Copy nothing but the lines below, from the one with "Antakya Belediyesi, Türkiye'de" through the one with "POLAND 50 ZLOTYCH", exactly as written; no pictures should appear.

**Data for review**

►

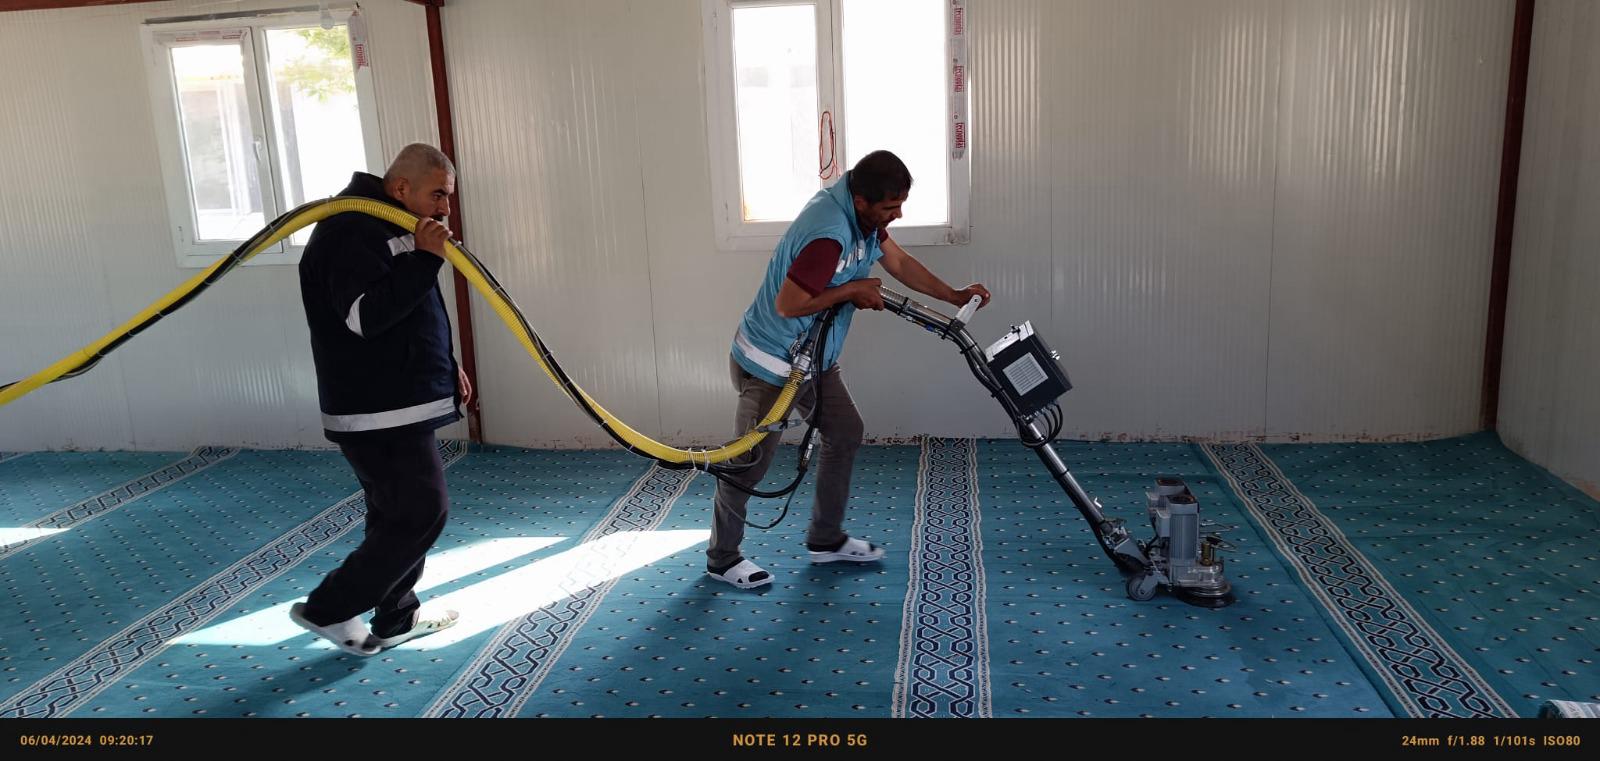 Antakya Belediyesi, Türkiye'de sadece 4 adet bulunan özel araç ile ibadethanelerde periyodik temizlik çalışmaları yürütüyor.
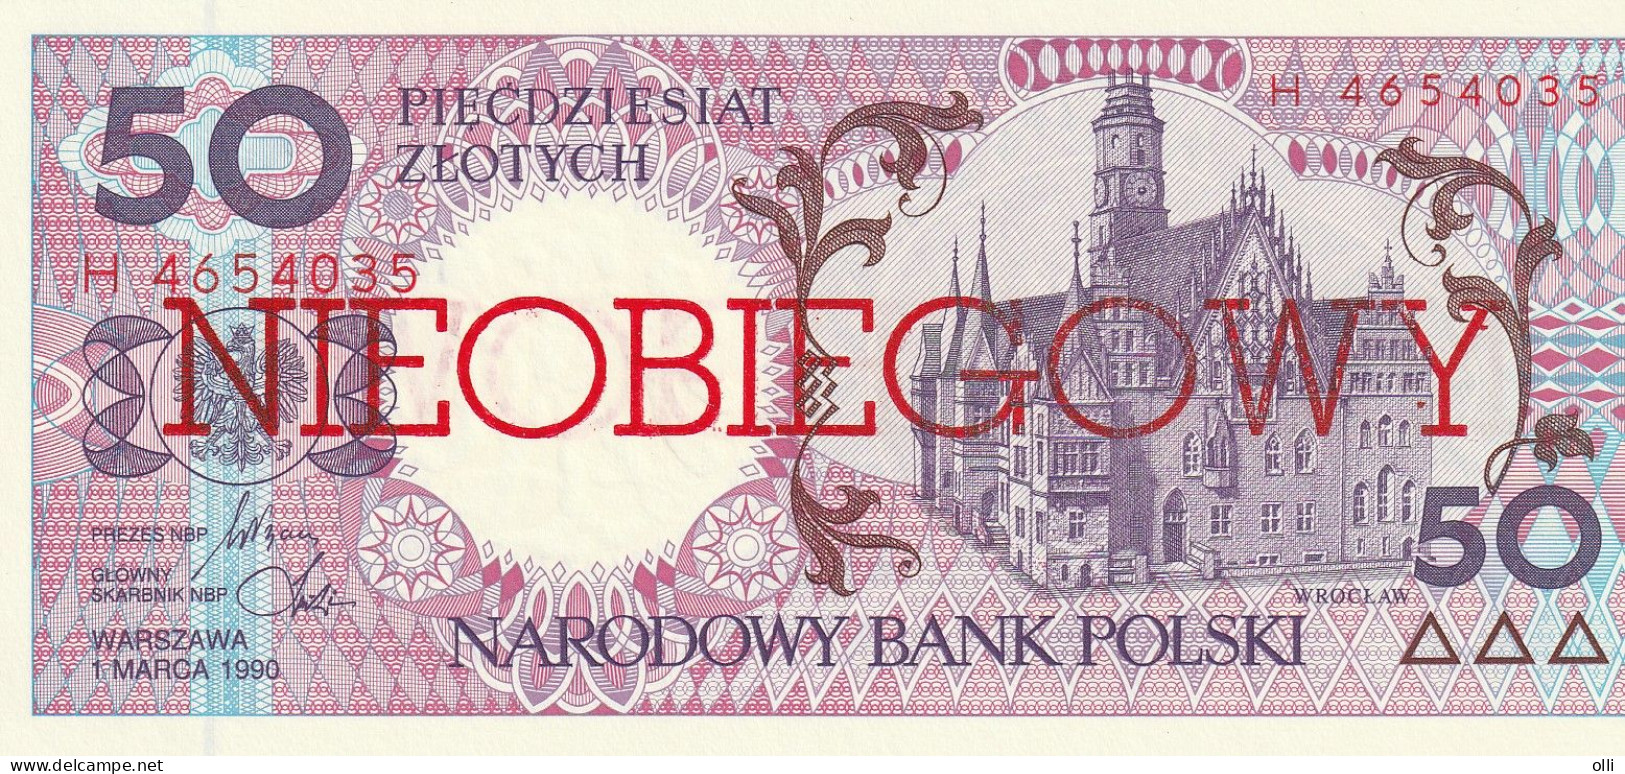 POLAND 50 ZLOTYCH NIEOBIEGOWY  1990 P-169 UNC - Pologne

◄
►

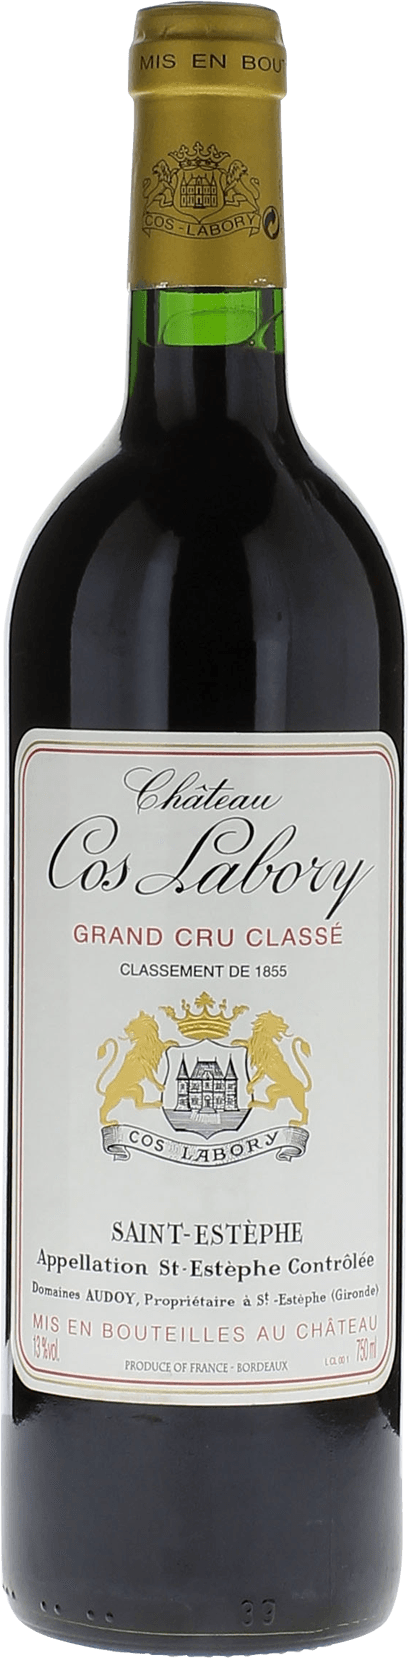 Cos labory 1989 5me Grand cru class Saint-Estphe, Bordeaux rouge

◄
►

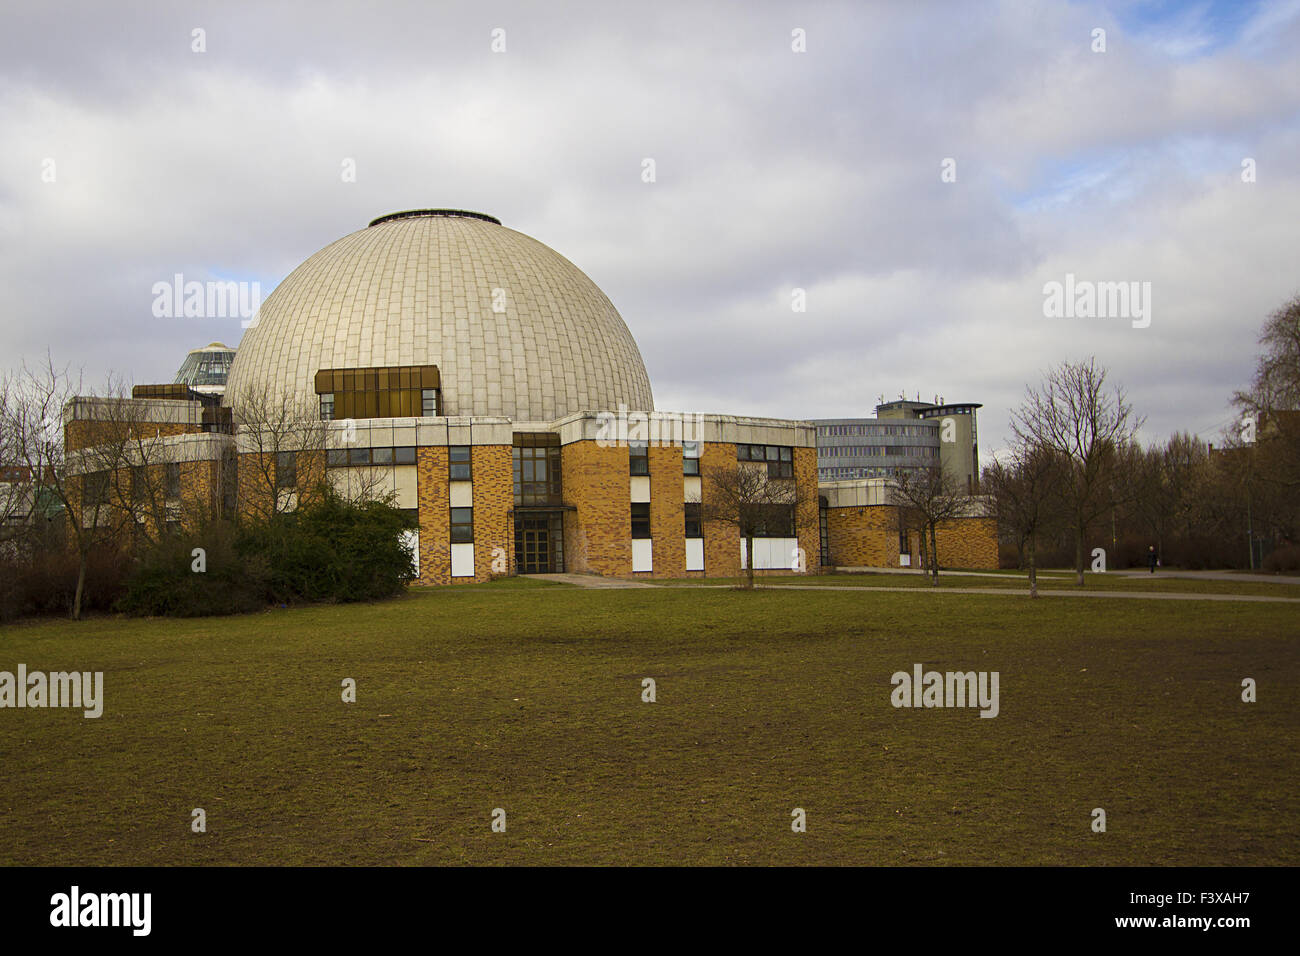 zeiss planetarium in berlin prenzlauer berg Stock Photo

◄

**Reply to the task**
 Antakya Belediyesi, Türkiye'de sadece 4 adet bulunan özel araç ile ibadethanelerde periyodik temizlik çalışmaları yürütüyor.
 POLAND 50 ZLOTYCH NIEOBIEGOWY  1990 P-169 UNC - Pologne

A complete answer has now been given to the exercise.